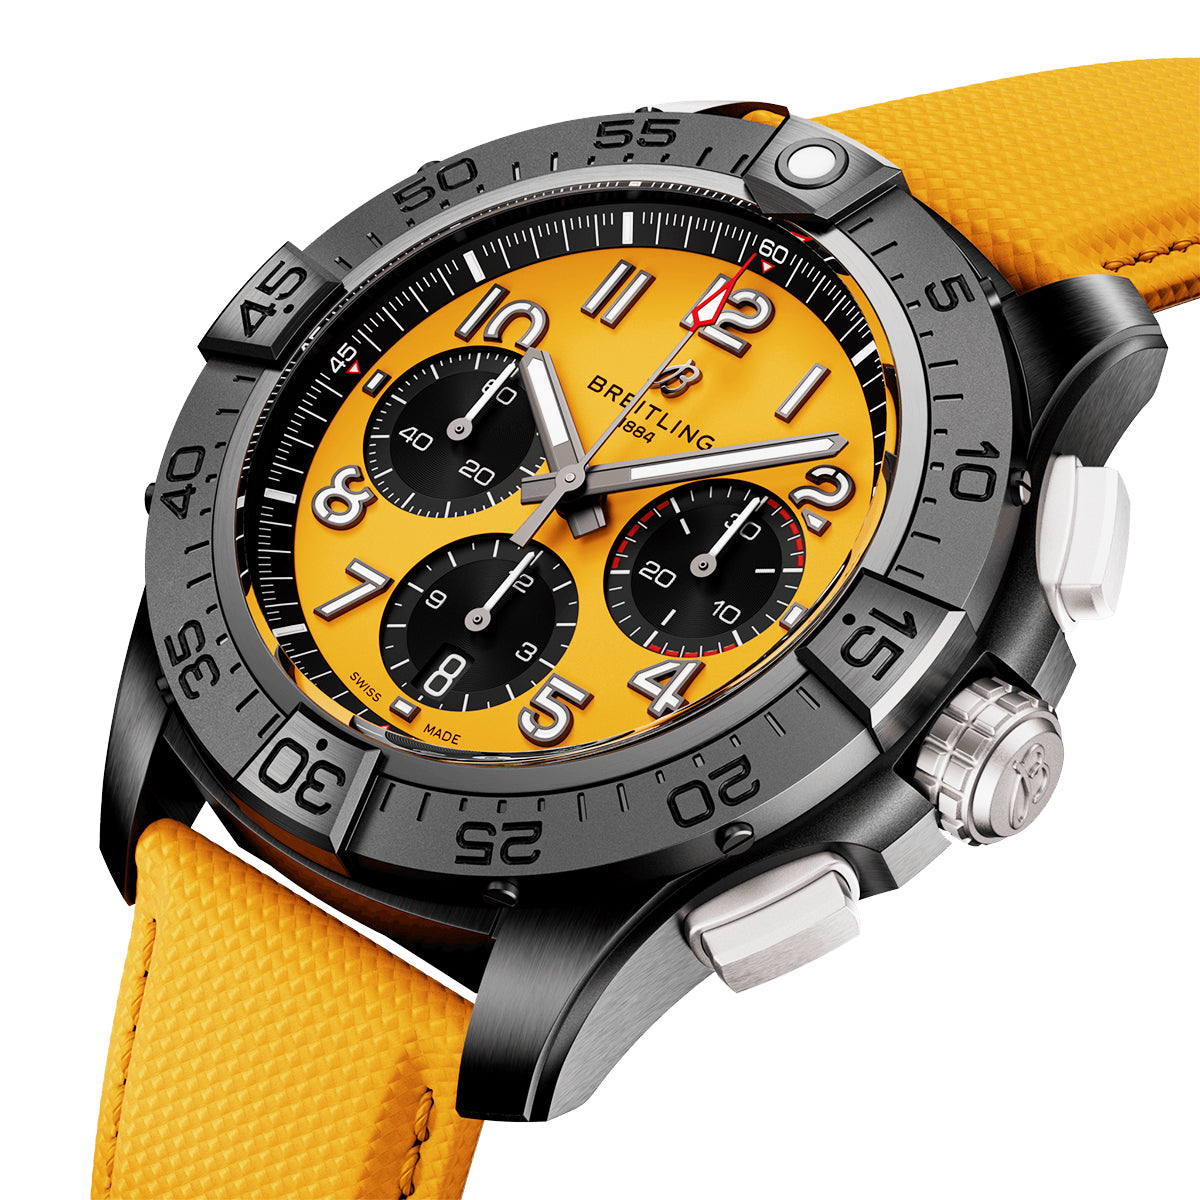 Avenger Night Mission 44mm Black Ceramic & Yellow Dial Watch
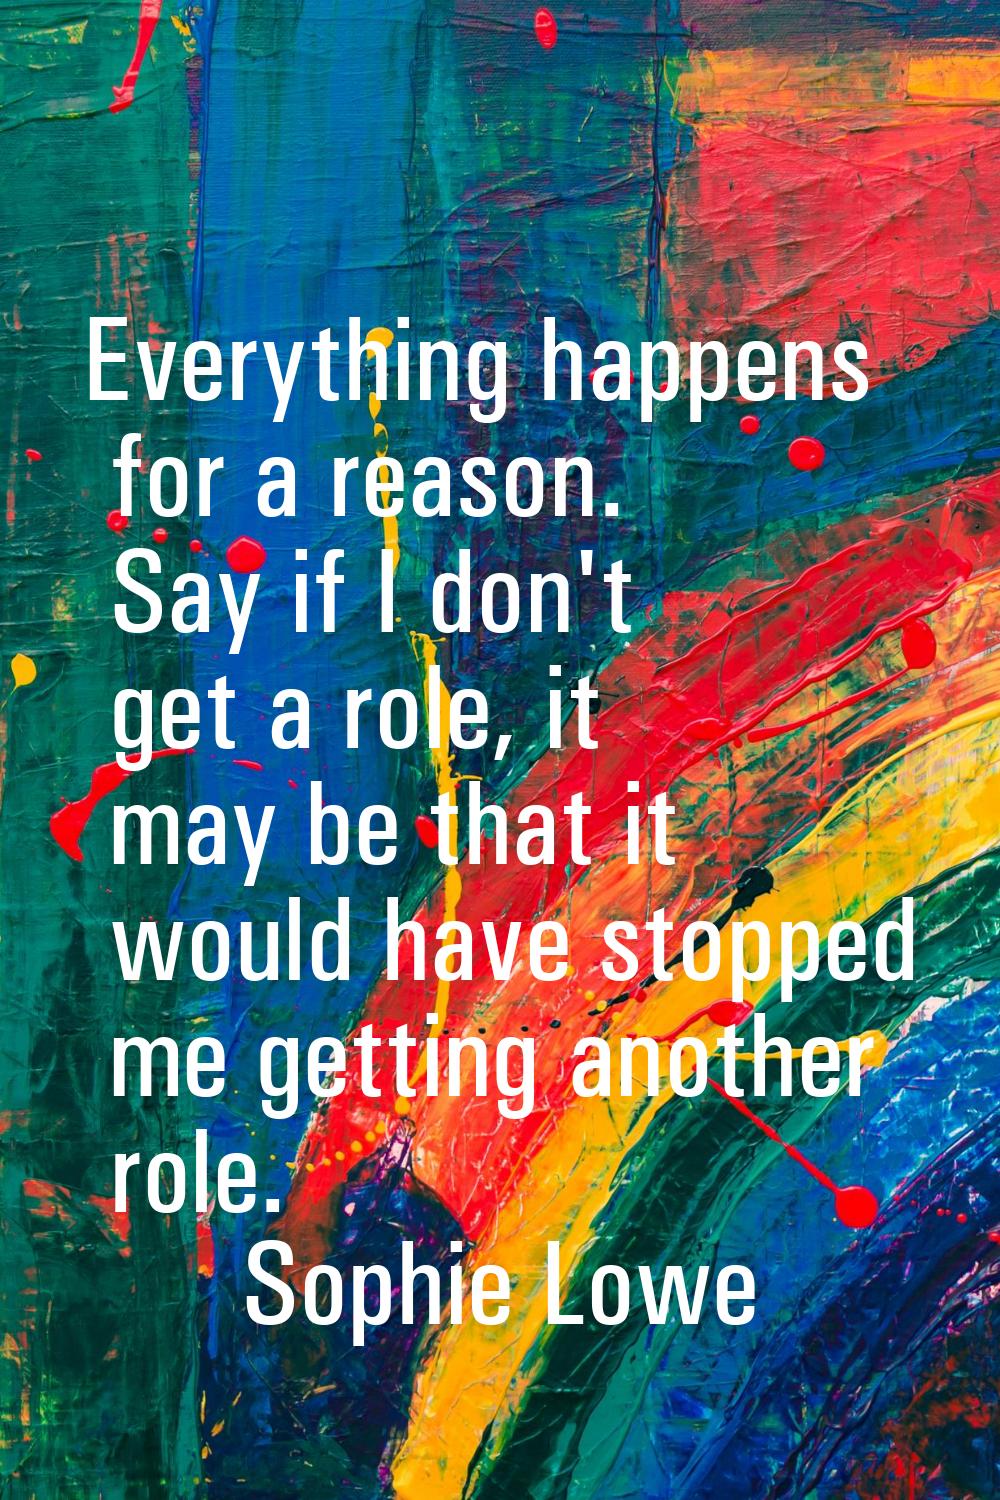 Everything happens for a reason. Say if I don't get a role, it may be that it would have stopped me
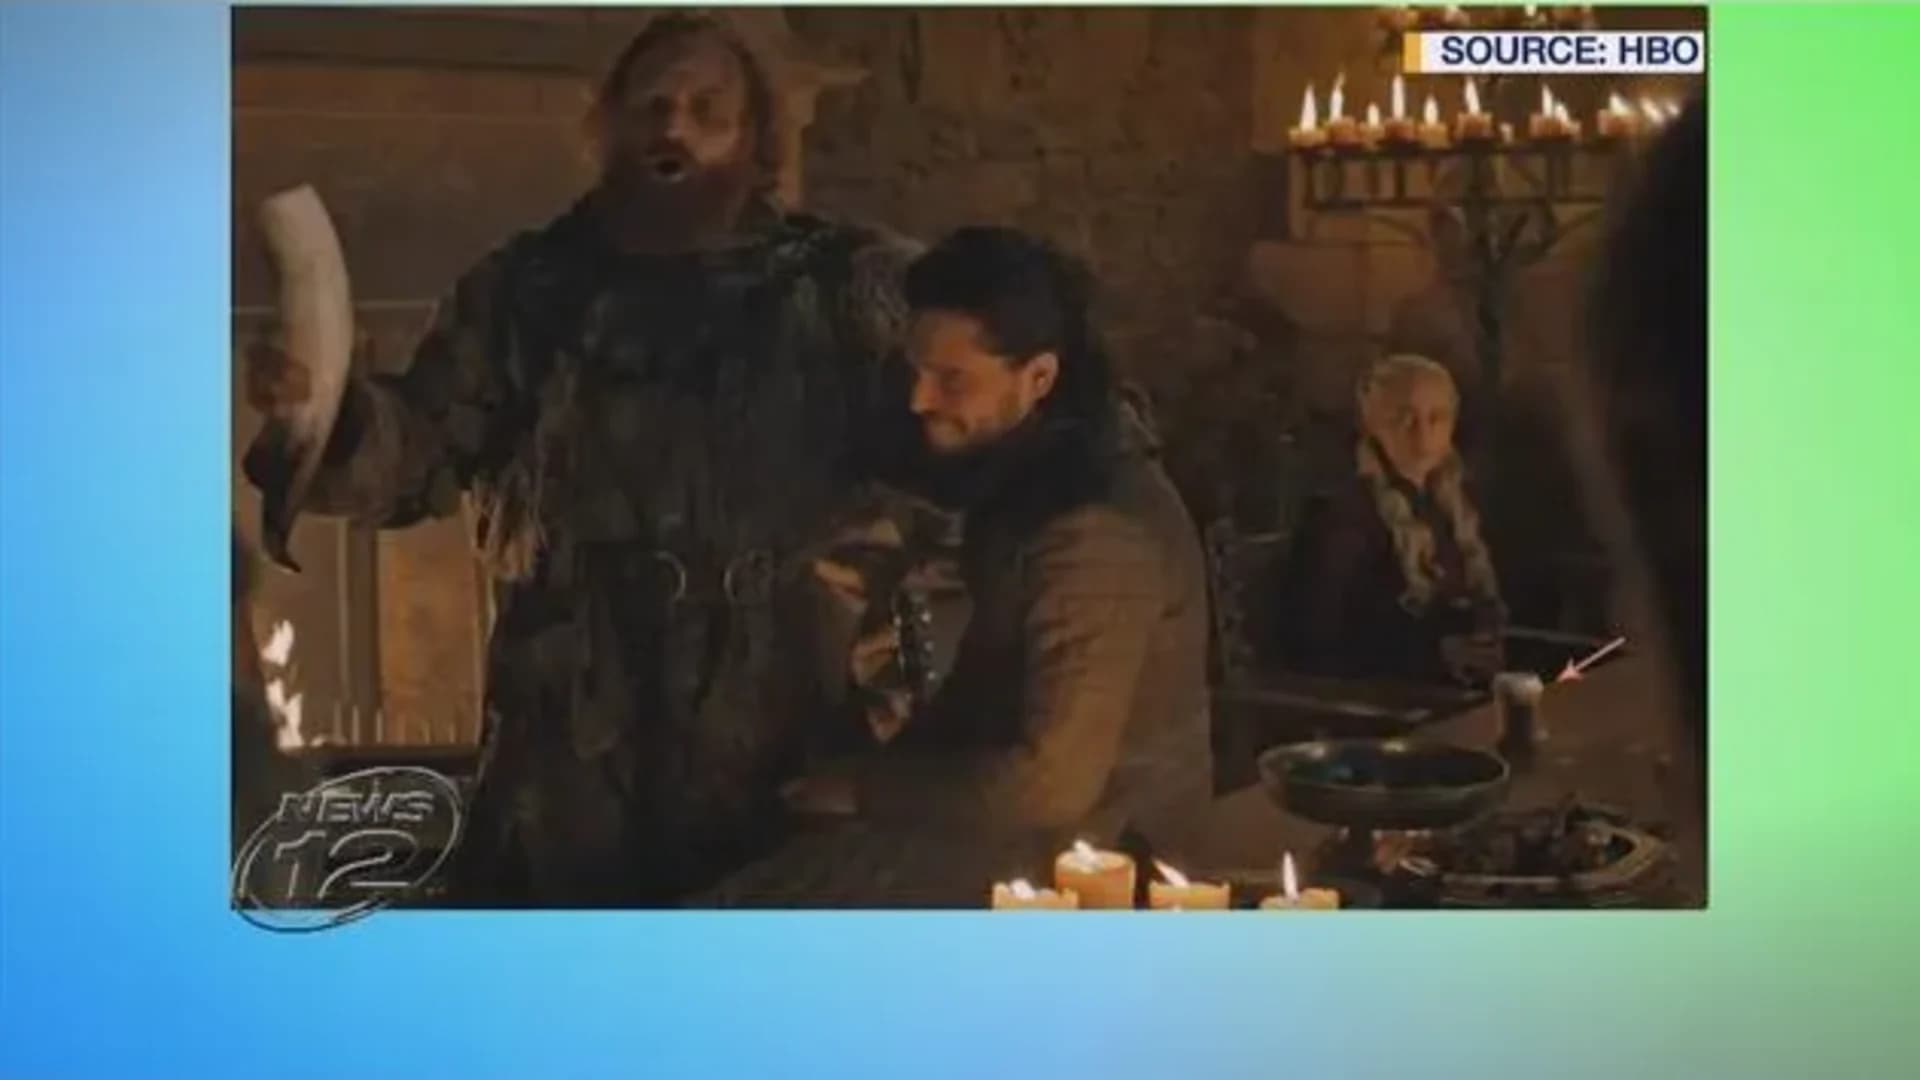 Coffee cup in 'Game of Thrones' scene perks up viewers

WHAT TO PRODUCE> Could you give all of the data again exactly as written, omitting any pictures?

RESPONSE TO THE EXERCISE>
 Avenger Night Mission 44mm Black Ceramic & Yellow Dial Watch
 Everything happens for a reason. Say if I don't get a role, it may be that it would have stopped me
 Coffee cup in 'Game of Thrones' scene perks up viewers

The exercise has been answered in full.